Cleo

Cleo is a flexible software library for enabling rapid development of partial, out-of-order and real-time typeahead and autocomplete services. It is suitable for data sets of various sizes from different domains. The Cleo software library is published under the terms of the Apache Software License version 2.0, a copy of which has been included in the LICENSE file shipped with the Cleo distribution.

Not to be mistaken with query autocomplete, Cleo does not suggest search terms or queries. Cleo is a library for developing applications that can perform real typeahead queries and deliver instantaneous typeahead results/objects/elements as you type.

Cleo is also different from general-purpose search libraries because 1) it does not evaluate search terms but the prefixes of those terms, and 2) it enables search by means of Bloom Filter and forward indexes rather than inverted indexes.

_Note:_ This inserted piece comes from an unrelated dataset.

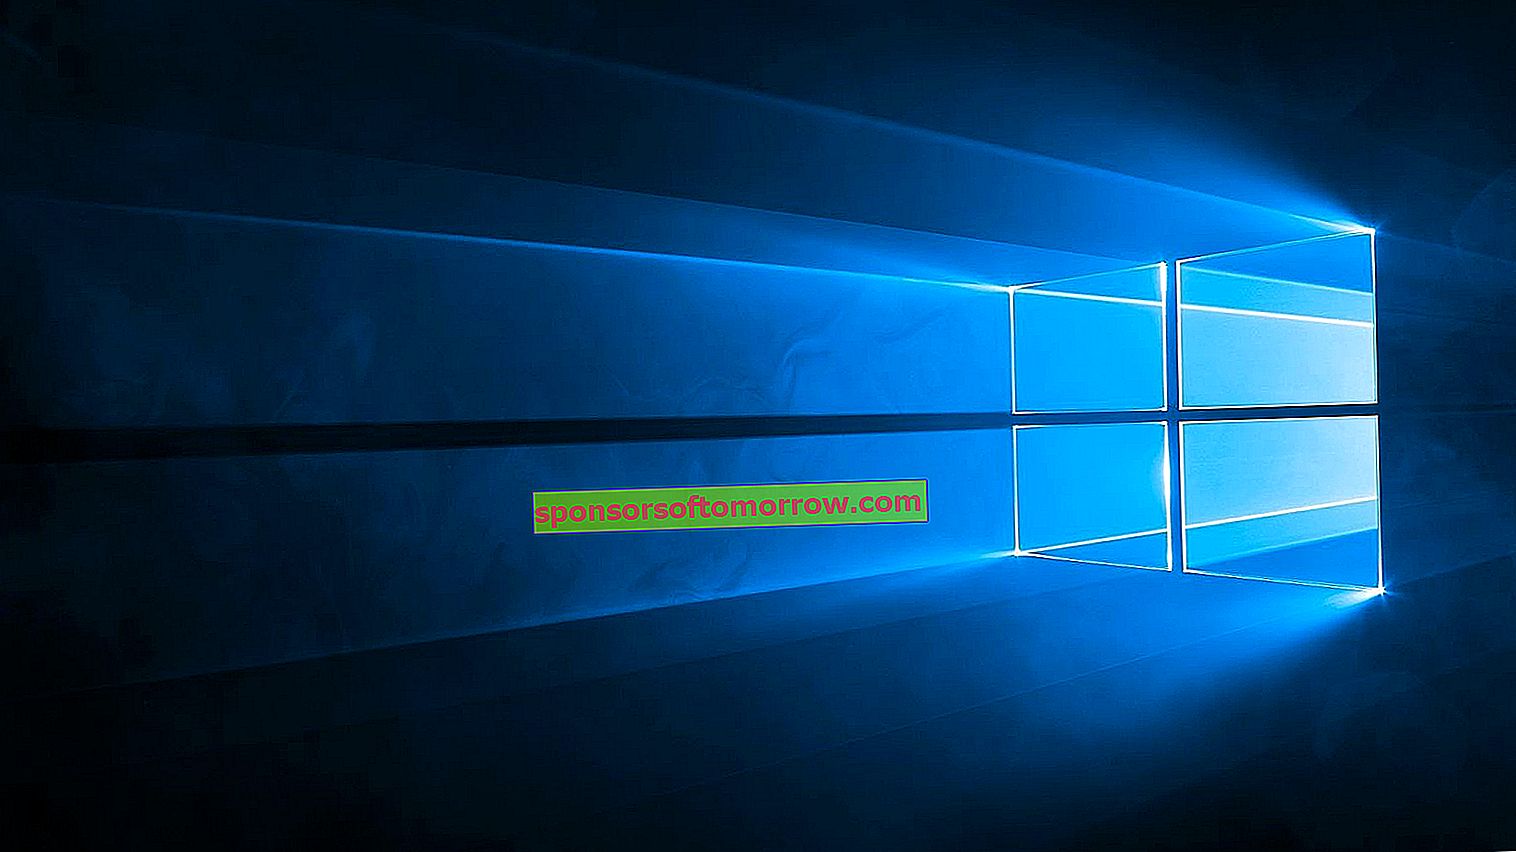 Everything you need to know about Windows 10 updates

Still confused about the meanings of Cleo? Let's now take a look at a search query example. If you perform a search query, say "j weiner", at Google, you will have a list of suggested search queries as you type. This list changes automatically depending on the words in your search query. This is query autocomplete. You choose a search query from the list and then Google provides you with corresponding search results.

Google search autocomplete for j wein

On LinkedIn, when you type "j wein", you are presented a list of search results instead of search queries. These search results are real-time, aggregated from different search domains, and then filtered accordingly based on your 1st and 2nd degree network connections. By real-time, we mean that any new members joining LinkedIn are immediately searchable through Cleo-powered typeahead services.

LinkedIn typeahead search for j wein

Cleo @ LinkedIn

Cleo has been in extensive use to power LinkedIn real-time typeahead search covering different data sets, which include members (1st and 2nd degree network connections), companies, groups, questions, skills, and various site features. Its use cases are in two broad categories:

From an architectural perspective, LinkedIn typeahead search is composed of different layers: browser cache, web tier, results aggregator, and various typeahead backend services. Cleo is powering all backend services. Each backend service runs in a cluster and presents the same API to the aggregator. Depending on the landing page, the aggregator automatically choose and aggregate different types of typeahead search results for the web tier to consume. The browser cache is also used to cache typeahead search results for faster rendering.

LinkedIn typeahead search architecture

From a performance perspective, Cleo is very fast in returning typeahead search results. Within a cluster, generic typeahead services can normally return results in less than 1 millisecond. In contrast, network typeahead services are slower when the total number of 1st and 2nd degree network connections is very large. For performance reasons, a timeout is set at 15 milliseconds and it may occur for LinkedIn members such as recruiters and LION (LinkedIn Open Networker), who typically have a very large network. At the level of aggregator, the response time is approximately 20 to 25 milliseconds on average.

References

  1. The Life of a Typeahead Query
  2. This is an excellent Facebook engineering blog on understanding the various technical aspects and challenges of real-time typeahead search in the context of social network.

  3. Efficient type-ahead search on relational data: a TASTIER approach
  4. This research paper describes a relational approach to typeahead search by means of specialized index structures and algorithms for joining related tuples in the database.